Nice güzel yaşayan insanlar bunu düşünmezken, bencillikten yana haklarını sonuna kadar kullanırken, bizim Yaşar bunu düşünebilen güzel yürekli adamdı. Varsın garip olsun, işte bu yürekleri sevmek lazımdı. Bu alemde sadece sevap değil de iyilik ve güzellik için kimse aç kalmamalı, ne kuşlar, ne böcekler, ne de aç insanlar olmalıydı.Sevabını, günahını düşünmeden yapmalıydı, insan olduğumuz İçin.
Yaşar bir parkın bekçisiydi.Kendine has bir giyim tarzı vardı. Kilosu yüzmirbeş civarında idi, dolayısıyla göbeği 1:60 boyuna fazlaydı. İşte bu yüzden askı takardı pantolonuna, şu bahçıvan askılarından. Çok özel bir şapka takardı, hasırdan.Oldukça genişti, yüzü gözükmezdi onu takınca. İpini de bağlamayı ihmal etmedi ,yazın onu kullanırdı sıcaktan korunmak için. Çok özel bir satıcıdan yüzyirmi liraya alır ve her yıl yenilerdi. Kara saçları biraz döküktü, kara bıyıkları uzun ve enli idi. Yuvarlak ve minik gözlü ve minik ellere sahipti. Esmerdi.
Bahçeli bir evi vardı babadan kalma. Şişmanlığı yüzünden bahçede tahta bir divanda uyurdu yaz gecelerinde.
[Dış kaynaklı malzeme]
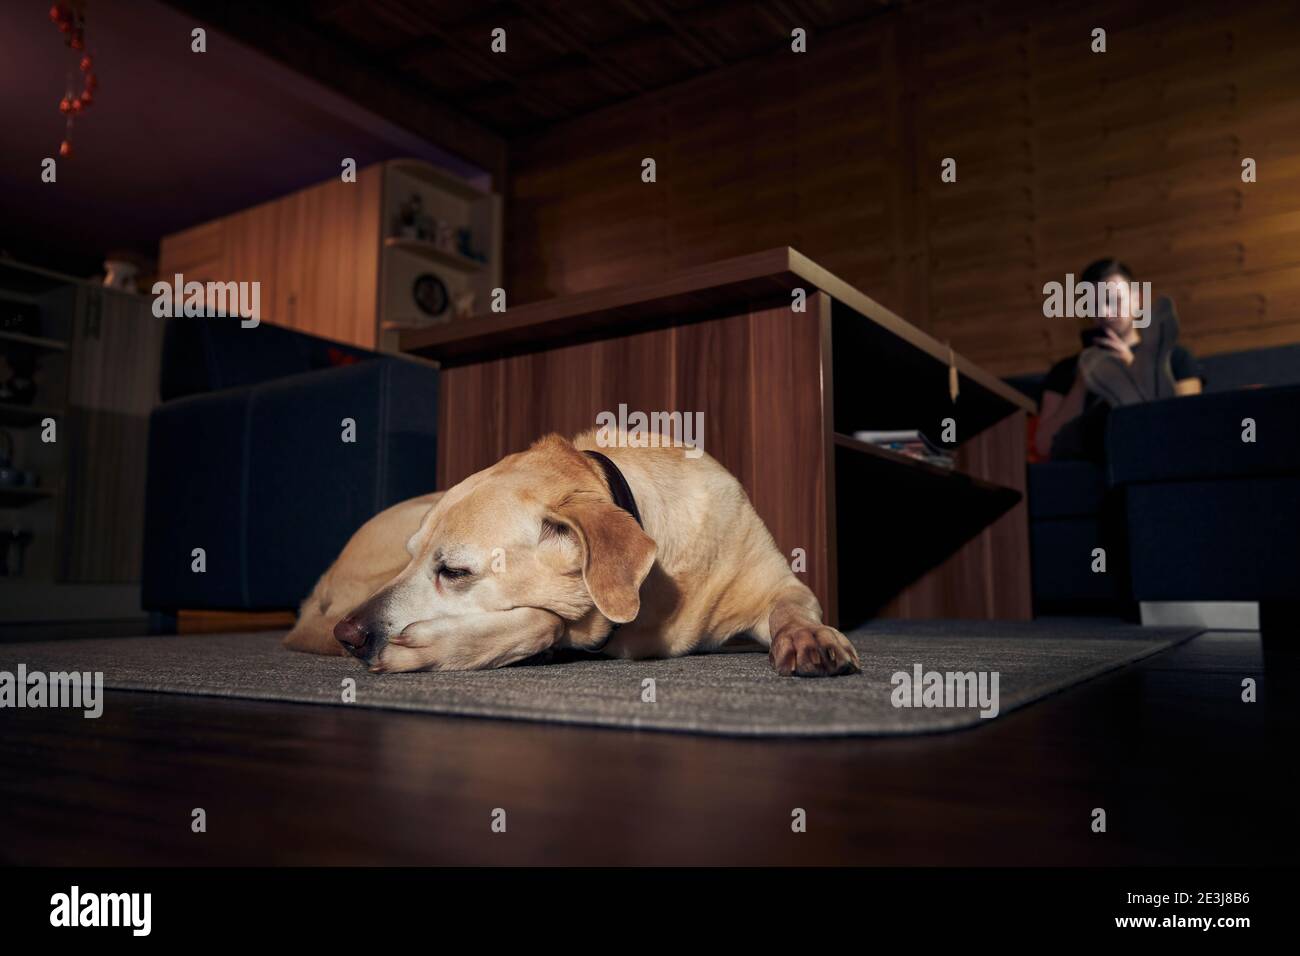 Häusliches Leben mit Hund. Netter labrador Retriever, der auf dem Teppich schläft, gegen den Mann, der sich auf dem Sofa ausruht und das Telefon benutzt. Stockfoto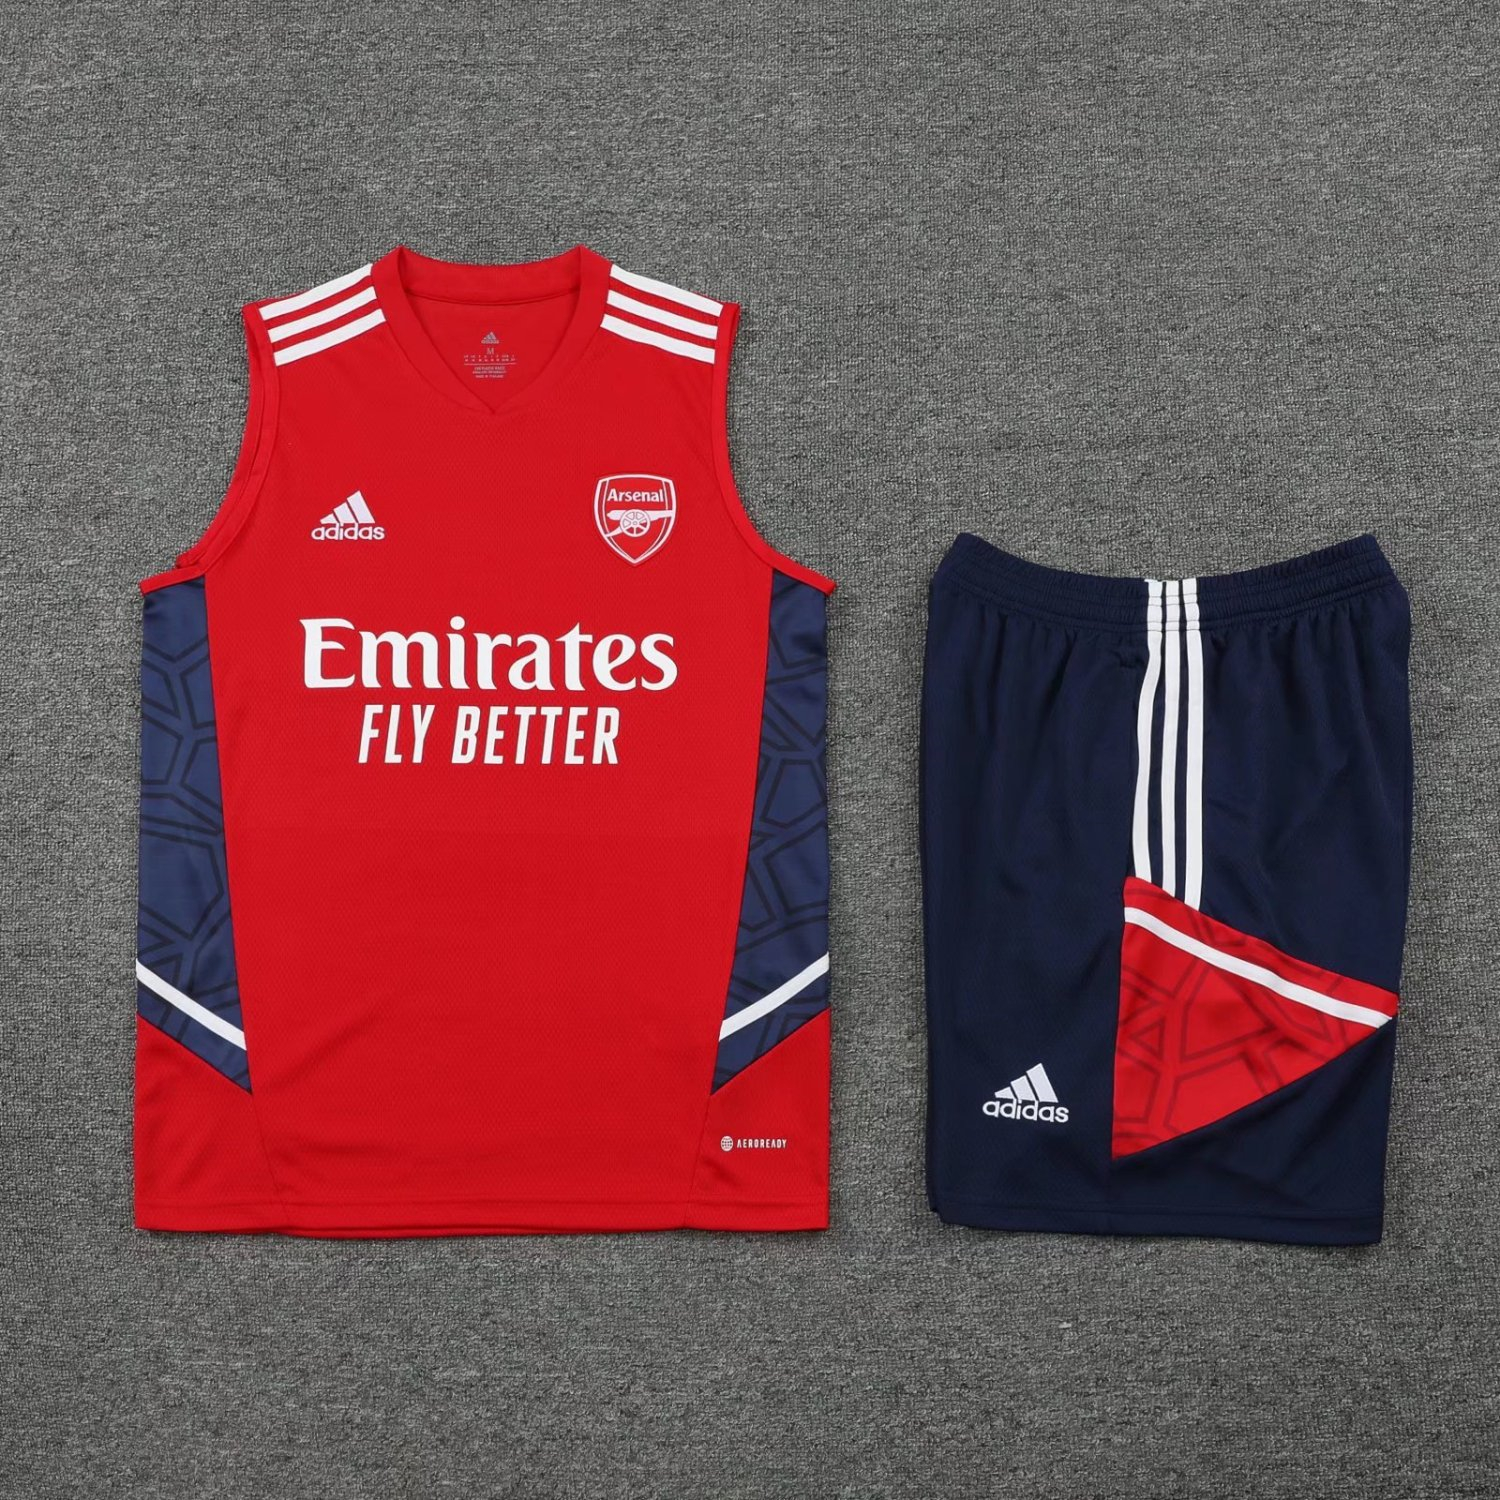 22-23 Arsenal Red Soccer Football Training Kit (Singlet + Shorts) Man

Minderinin üzerinde iki yorgan külah şeklinde bükük dururdu. Akşamüstü beşte iş çıkışı eve gelir, yaşlı anacığının pişirdiği bir tencere yemeği üç ekmek ile bitirirdi. Şaşırmayın bir oturuşta üç ekmek çok gelebilir ama ancak doyardı bizim Yaşar. Onu yer yemez halsiz düşer ve uyku hali bastırırdı, şeker hastasıydı. Bahçede tahta divanın üzerinde ki külah biçimli ipekli iki yorganını içine gömülürdü. Akşam üzeri altı onun uyku saatiydi, bir dakika geçirmezdi. Her gece yarına uyanabilmek umuduyla diye duasını eder, sabah beşte ayakta olurdu.Yazın yorgan demeyin. Yaz geceleri ayaz olur bilirdi o. Çalışkandı, onaltısında sigortalı işe girmiş ve emekliliğine az kalmıştı. Kırküçünde idi ancak fazla kilo onu daha yaşlı gösteriyordu.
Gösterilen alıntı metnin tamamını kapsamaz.